Иван Толстой: В Польше завершился ежегодный Фестиваль польского фильма в Гдыне – крупнейший в стране. Как и каждый год, это событие, кроме собственно конкурсной программы и определения победителей, оживило дискуссию о состоянии польского кино в целом. Рассказывает Алексей Дзиковицкий.



Алексей Дзиковицкий: Польское кино можно сравнить с польским футболом. Во время очередного чемпионата мира или кубковых встреч польские любители футбола неизменно вспоминают 70-е годы, когда команда ПНР была в мировых лидерах. Третье место на чемпионате мира казалось тогда поражением. Так же и любители кино, разочарованные очередным неудачным отечественным фильмом, нередко вспоминают тот же период истории – блестящие работы Вайды, Кеслевского, Кутца, Занусси.


Однако, судя по событиям последних лет, любителям футбола и кино в скором времени может стать не по пути. Польская кинематография начинает набирать форму – по крайней мере, таково мнение целого ряда специалистов после закончившегося недавно крупнейшего в стране XXXI Фестиваля польского художественного кино в Гдыне.


Малгожата Раковец - представитель фестиваля - говорит, что о позитивных изменениях в польском кино свидетельствует в том числе и тот факт, что фильмов стало сниматься больше, и все больше их снимают молодые режиссеры – из 24 фильмов конкурсной программы 13 сняты дебютантами.
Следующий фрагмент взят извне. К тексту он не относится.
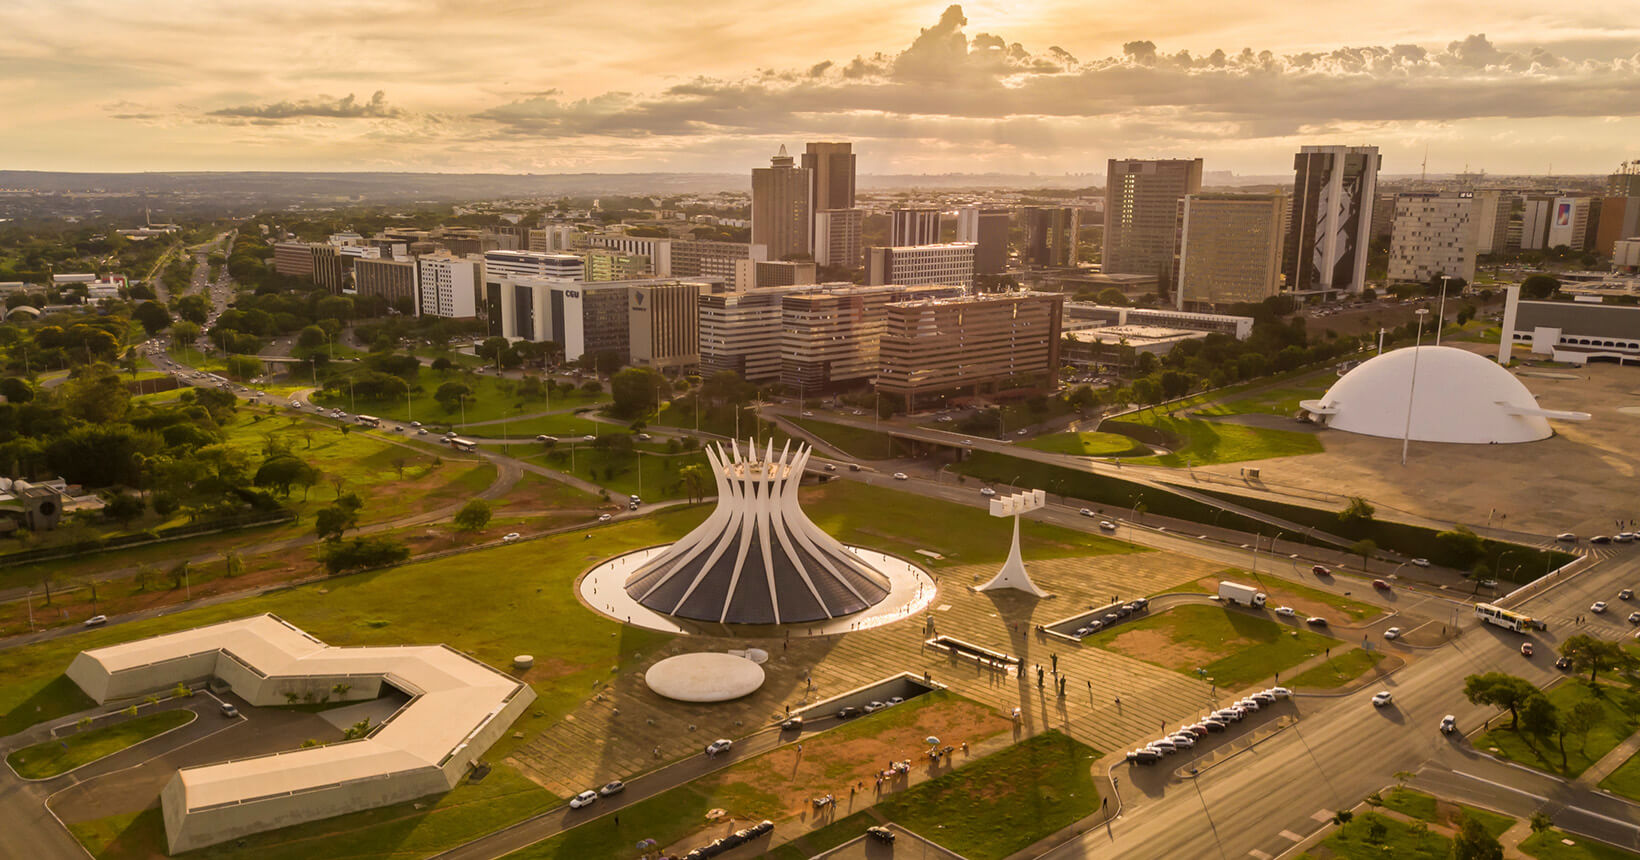 The Brazilian capital, Brasília, holds the fourth position in the top ten most Instagrammed UNESCO World Heritage Sites list.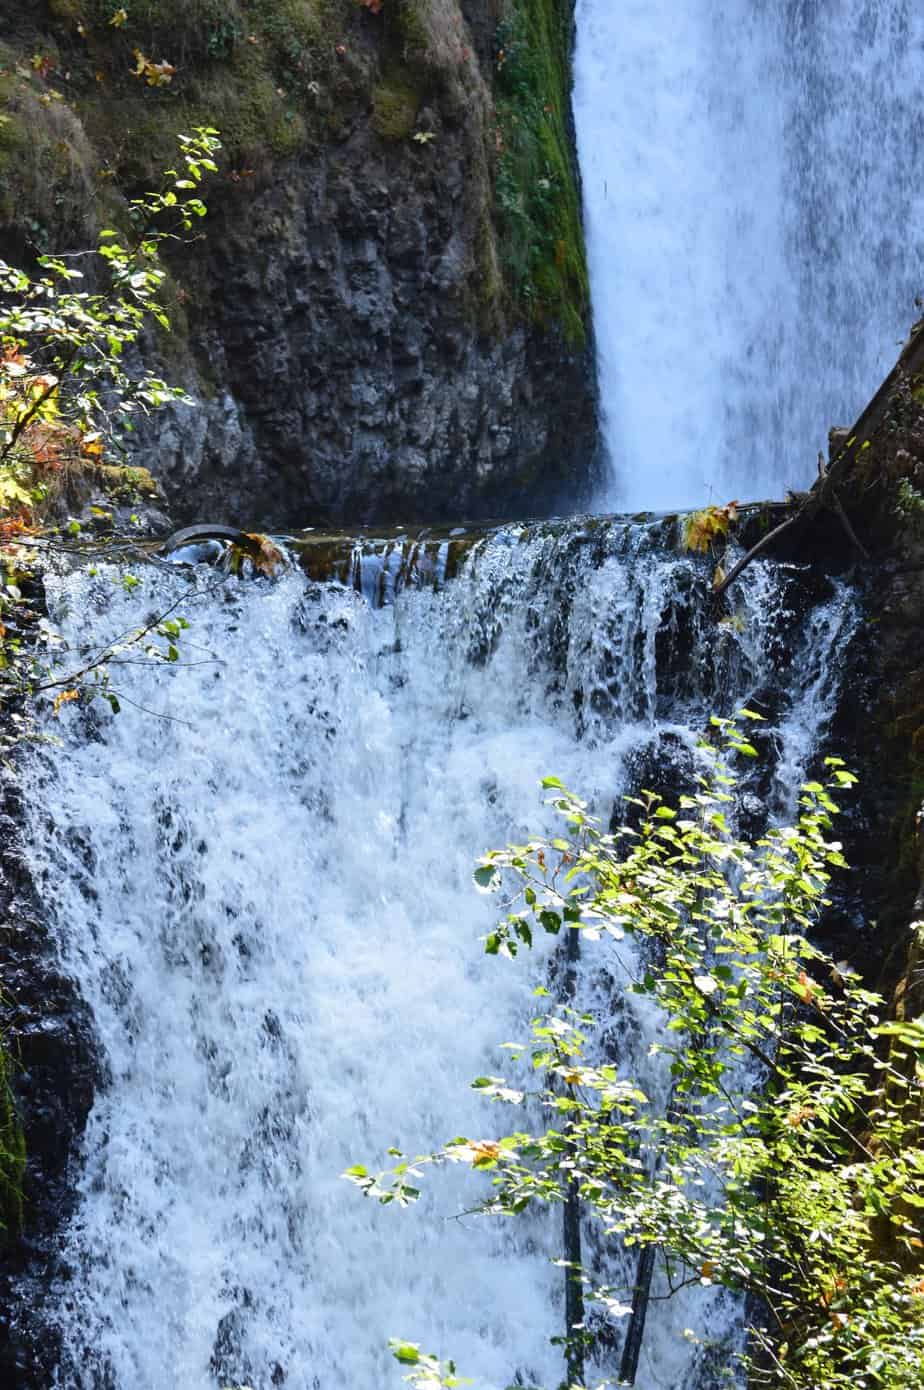 Waterfall along the Columbia River Gorge's waterfall corridor. Read on for more Oregon National Parks and NPS-administered sites.

Малгожата Раковец: На фестиваль, для участия в конкурсной программе, в этом году было прислано 35 фильмов, из которых отобраны 24 – они боролись за главные награды, статуэтки «Золотого льва». Кроме того, что интересно, за камеры берутся молодые, неизвестные никому творцы. Мы получили более 50 независимых фильмов, из которых 21 был выбран для участия в конкурсе на лучший независимый фильм.



Алексей Дзиковицкий: На фестивале в различных номинациях было роздано около двух десятков наград, однако мы остановимся на трех – лучший фильм, лучший режиссер и лучший сценарий.


Лучшим фильмом XXXI Фестиваля польского художественного кино в Гдыне была признана лента Кшиштофа Краузе и Йоанны Кос-Краузе « Plac Zbawiciela » («Площадь спасителя»).


Идея снять фильм пришла к его создателям после прочтения обычной газетной заметки о варшавянке, которая пыталась убить себя и своих двоих детей.


Действие фильма разворачивается в одной из варшавских квартир, окна которой выходят на Площадь спасителя. У главной героини - 50-ти летней Терезы - временно живут сын с женой и двумя детьми, в ожидании собственной квартиры.


Это ожидание, однако, затягивается – фирма, строившая квартиру, обанкротилась, а с ней пропали и вложенные деньги. Жизнь пятерых человек в одной, хотя и не маленькой, квартире становится невыносимой.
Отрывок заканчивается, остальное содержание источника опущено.